Background: The ability of biphenyl-tetrazole angiotensin type 1 (AT1) receptor antagonists (BTsartans) to block angiotensin II (Ang II)-mediated responses has been extensively investigated in vascular tissues and, more recently, in cell lines expressing the human AT1-receptor. When pre-incubated, BTsartans acted surmountably (shifting the Ang II concentration-response curve to the right) or insurmountably (also decreasing the maximal response). It was shown that their insurmountable behaviour is due to the formation of tight, long-lasting complexes with the receptor. Partial insurmountable antagonism is due to the co-existence of tight and loose complexes. The proportion of insurmountable antagonism, the potency and the dissociation rate of the BTsartans decreases in the order: candesartan > EXP3174 (losartan's active metabolite) > valsartan > irbesartan >> losartan.

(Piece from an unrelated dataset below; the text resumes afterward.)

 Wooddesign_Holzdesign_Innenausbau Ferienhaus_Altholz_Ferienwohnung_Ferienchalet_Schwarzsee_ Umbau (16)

Objective: It is of interest to explore how tight AT1-receptor binding of BTsartans such as candesartan might contribute to their long-lasting clinical effect.

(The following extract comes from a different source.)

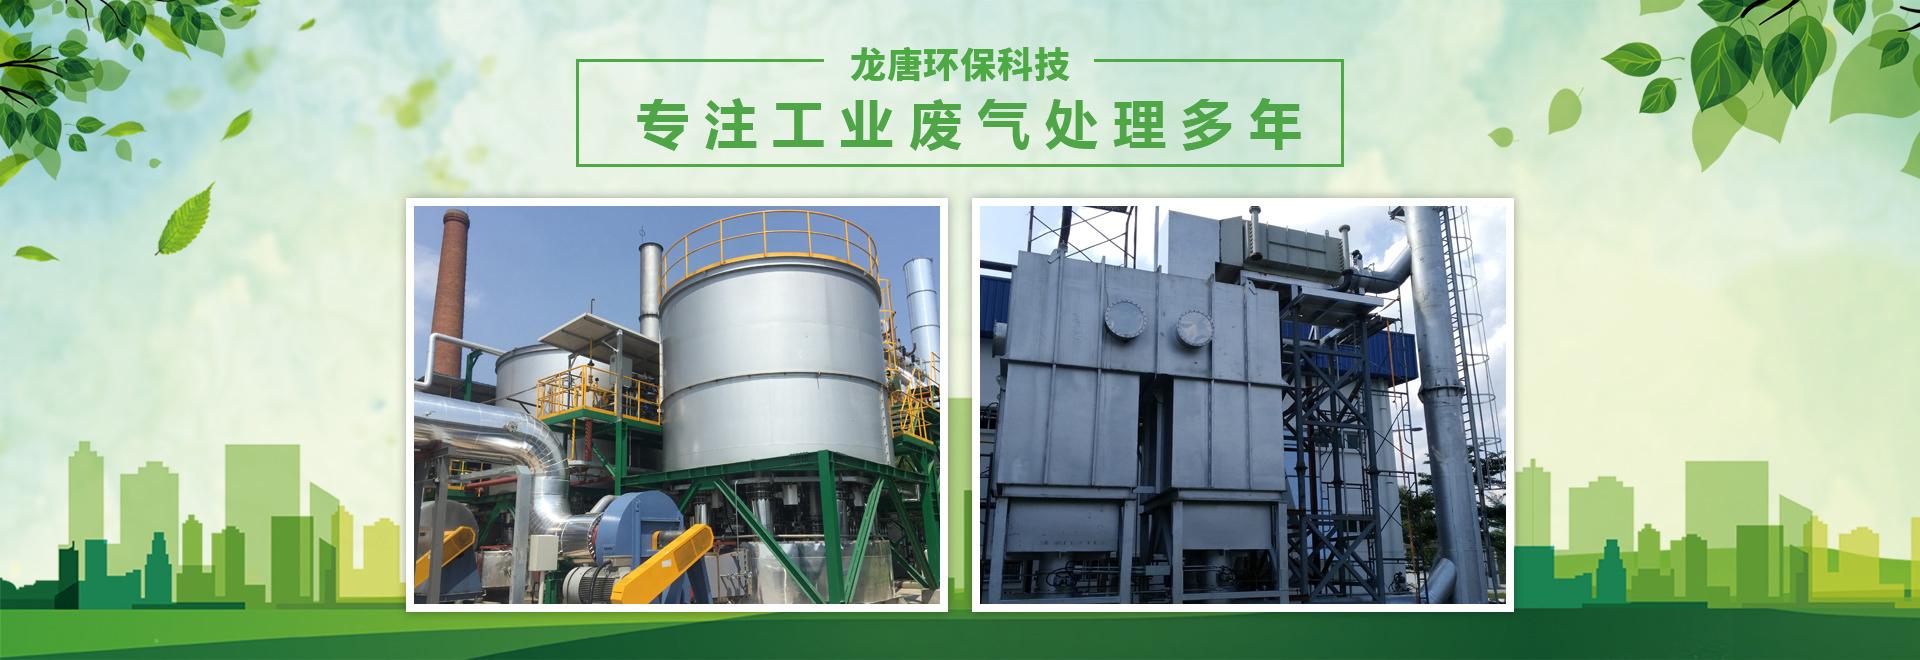 重庆工业废气治理

Methods: Computer-assisted simulations (COPASI program) were performed to follow the receptor-occupation and protection by different antagonists as a function of time. Free antagonist concentrations were allowed to decrease exponentially with time.

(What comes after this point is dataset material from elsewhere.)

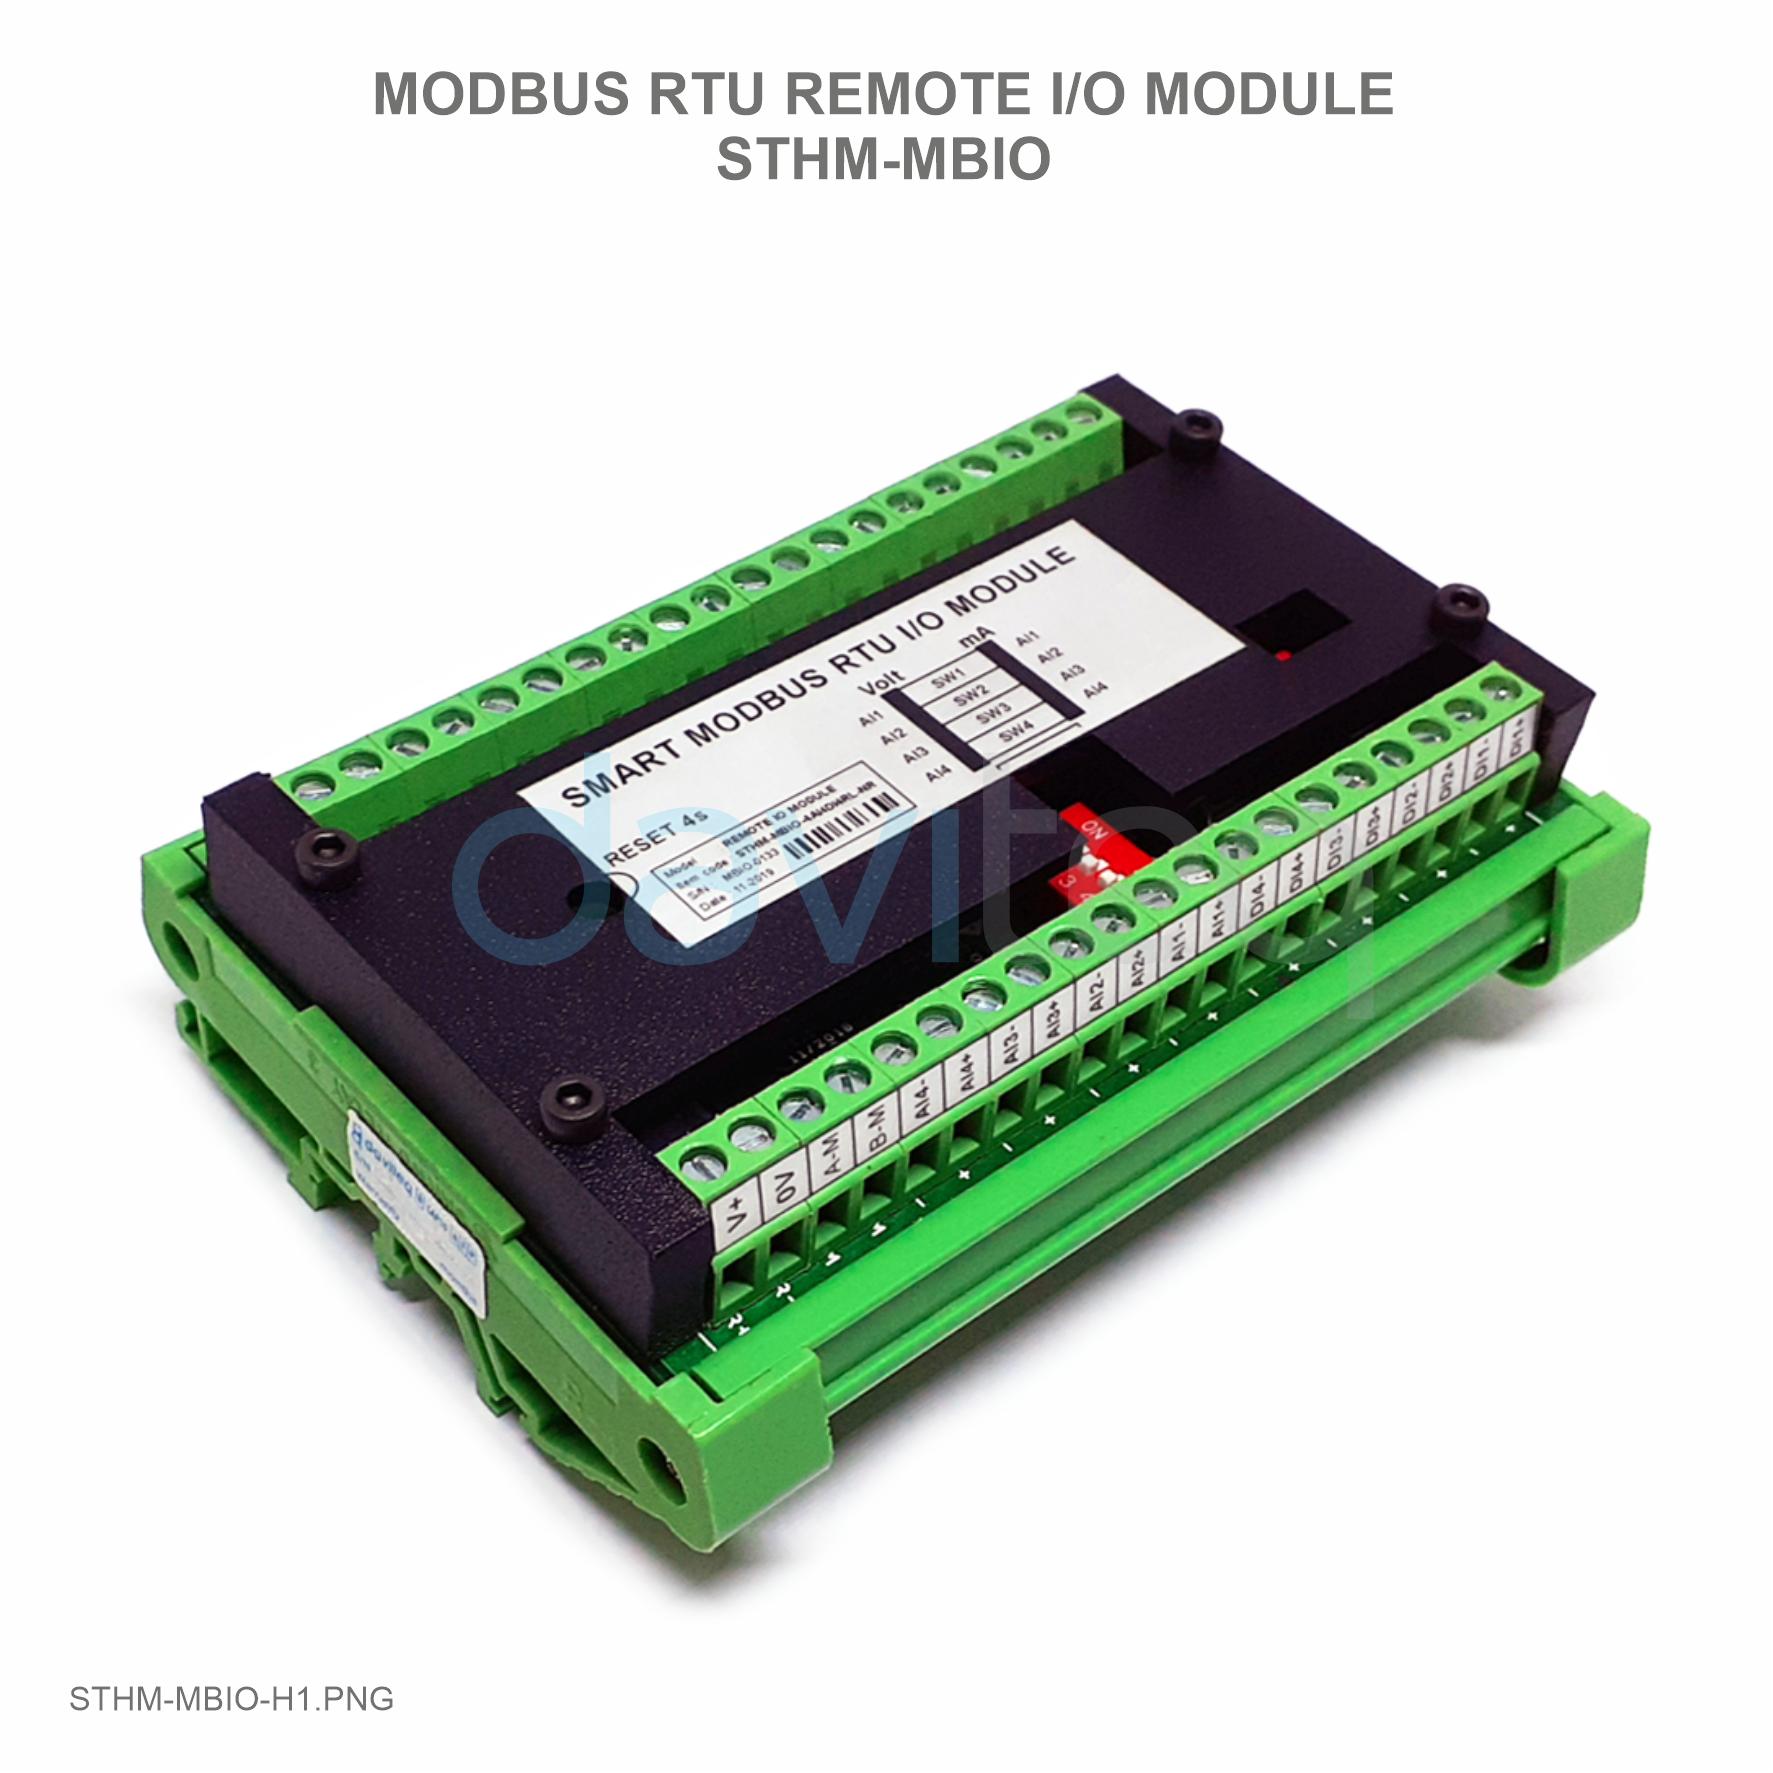 Bộ I/O mở rộng chuẩn modbusRTU

Results: The simulations suggest that slow dissociation does not tangibly prolong receptor occupancy if the free antagonist is eliminated at a slower pace (as is the case for BTsartans). Yet when surmountable and insurmountable antagonists occupy the same amount of receptors, insurmountable antagonists offer appreciably better protection against fluctuations in natural messenger concentration.
Conclusion: Slow receptor dissociation and slow antagonist elimination are likely to act in synergy to produce long-lasting receptor protection.